Магдалины. — Успею, но времени в обрез… А Патрон
так точен. Он, наверное, уже одевается».
Действительно, доктор Филип ждал его на пороге кабинета.
— Добрый день, Тибо, — буркнул он. Его голос, голос полишинеля, всегда
казался подчеркнуто насмешливым. — Ровно без четверти… Едем…
— Едем, Патрон, — весело подхватил Антуан.
Ему всегда доставляло удовольствие работать под руководством Филипа. В
течение двух лет он был его ассистентом, жил в ежедневной непосредственной
близости к учителю. Затем ему пришлось переменить службу. Но их отношения не
прерывались, и в дальнейшем никто уже не мог заменить ему «Патрона». Про
Антуана говорили: «Тибо, ученик Филипа». И он действительно был его
учеником, заместителем, духовным сыном. Но часто ему приходилось становиться
и его противником: юность восставала против зрелости, дерзость, жажда риска
— против осторожности. Связь, возникшая между ними, благодаря семи годам
дружбы и профессионального общения сделалась неразрывною. Как только Антуан
соприкасался с Филипом, самая личность его видоизменялась, словно уменьшаясь
в объеме: за минуту перед тем он был существом цельным и независимым, а
теперь снова автоматически попадал под опеку, но при этом не испытывал ни
малейшего неудовольствия.
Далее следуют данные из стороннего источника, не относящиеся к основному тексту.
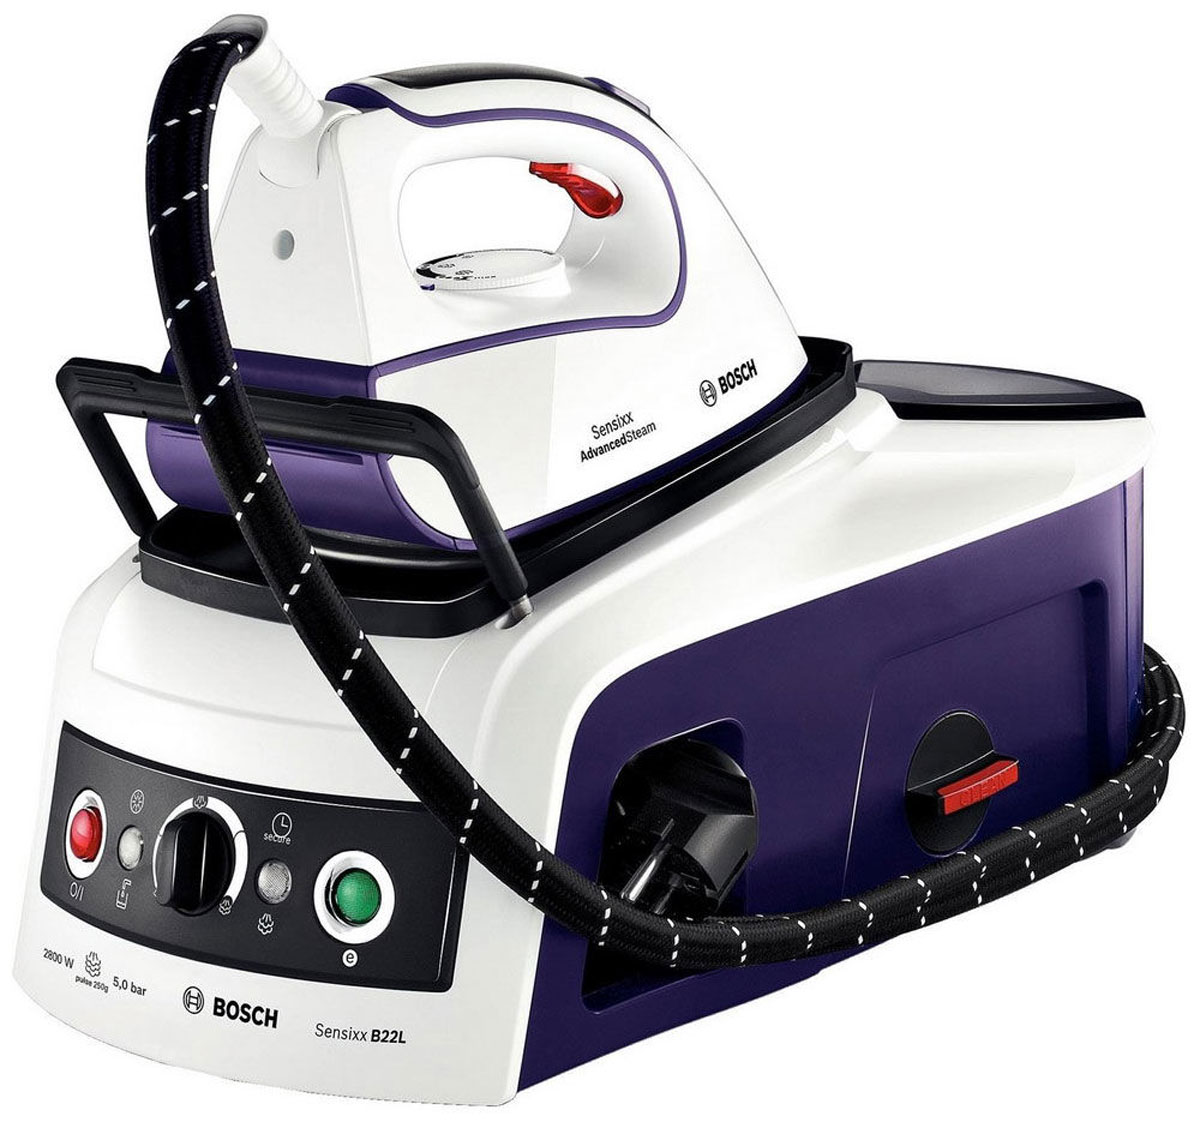 Bosch TDS2241, White Purple гладильная система - Гладильные системы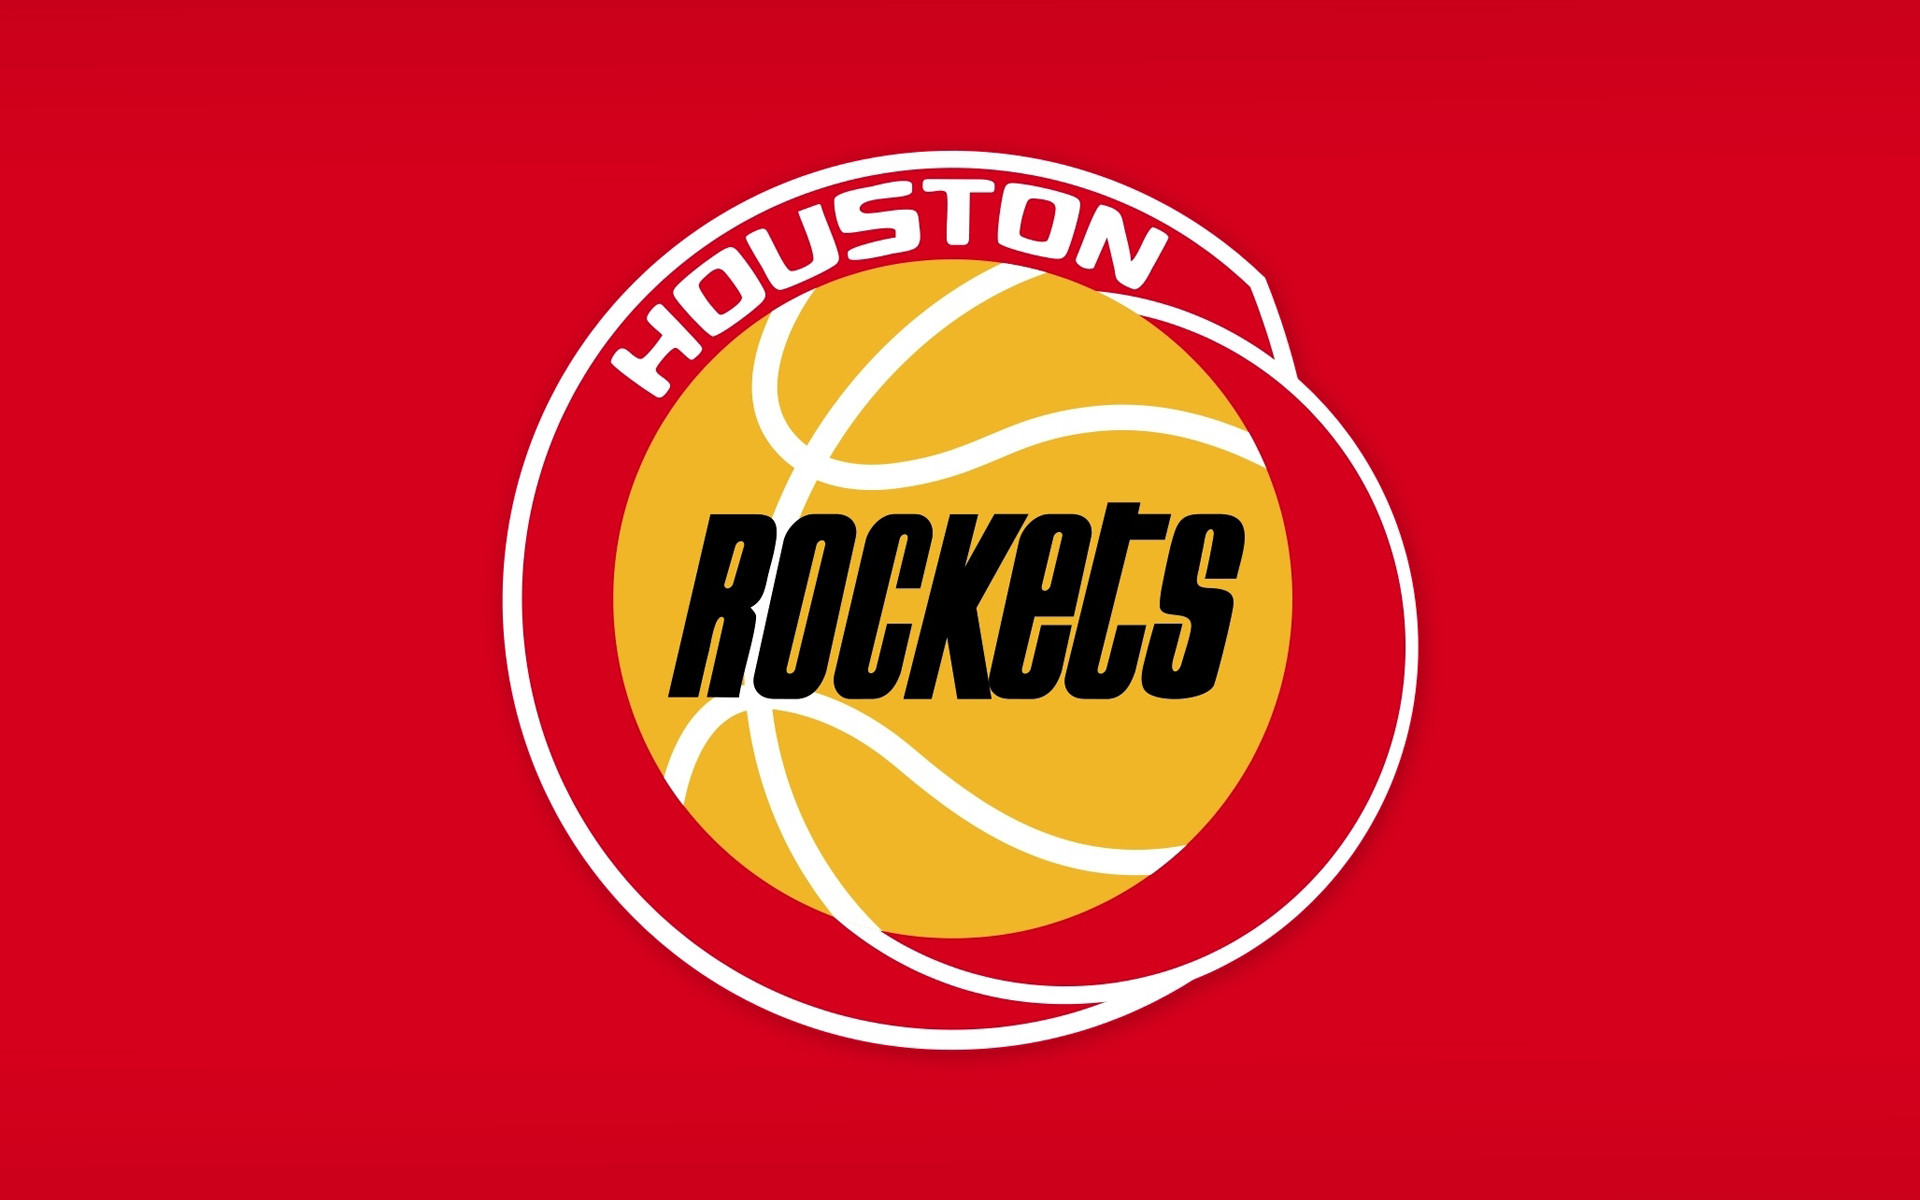 HOUSTON ROCKETS basketball nba (69) wallpaper     211301    WallpaperUP

Привязанность его к Патрону еще увеличивалась, так
как удовлетворялось и его личное самолюбие: научный авторитет профессора был
настолько неоспорим, а его требовательность к людям настолько общеизвестна,
что привязанность учителя к Антуану имела свою цену. Когда учитель и ученик
бывали вместе, они всегда чувствовали себя превосходно; им казалось
очевидным, что средний человек вообще малосознателен и бездарен, но что им
обоим посчастливилось стать исключением из общего правила. Манера, с которой
Патрон, не отличавшийся экспансивностью, обращался к Антуану, его доверие,
непринужденность, полуулыбки и подмигивания, которыми он подчеркивал
некоторые остроты, даже его лексикон, малопонятный для непосвященных, — все
это как будто свидетельствовало о том, что Антуан был единственный человек,
с которым Филип мог свободно беседовать, единственный, с чьей стороны он мог
рассчитывать на полное понимание. Размолвки происходили у них редко, и
вызывались они всегда причинами одного и того же порядка. Антуану случалось
упрекать Филипа в том, что иногда он сам себя обманывает, считая
основательным суждением внезапную догадку, подсказанную ему скептицизмом.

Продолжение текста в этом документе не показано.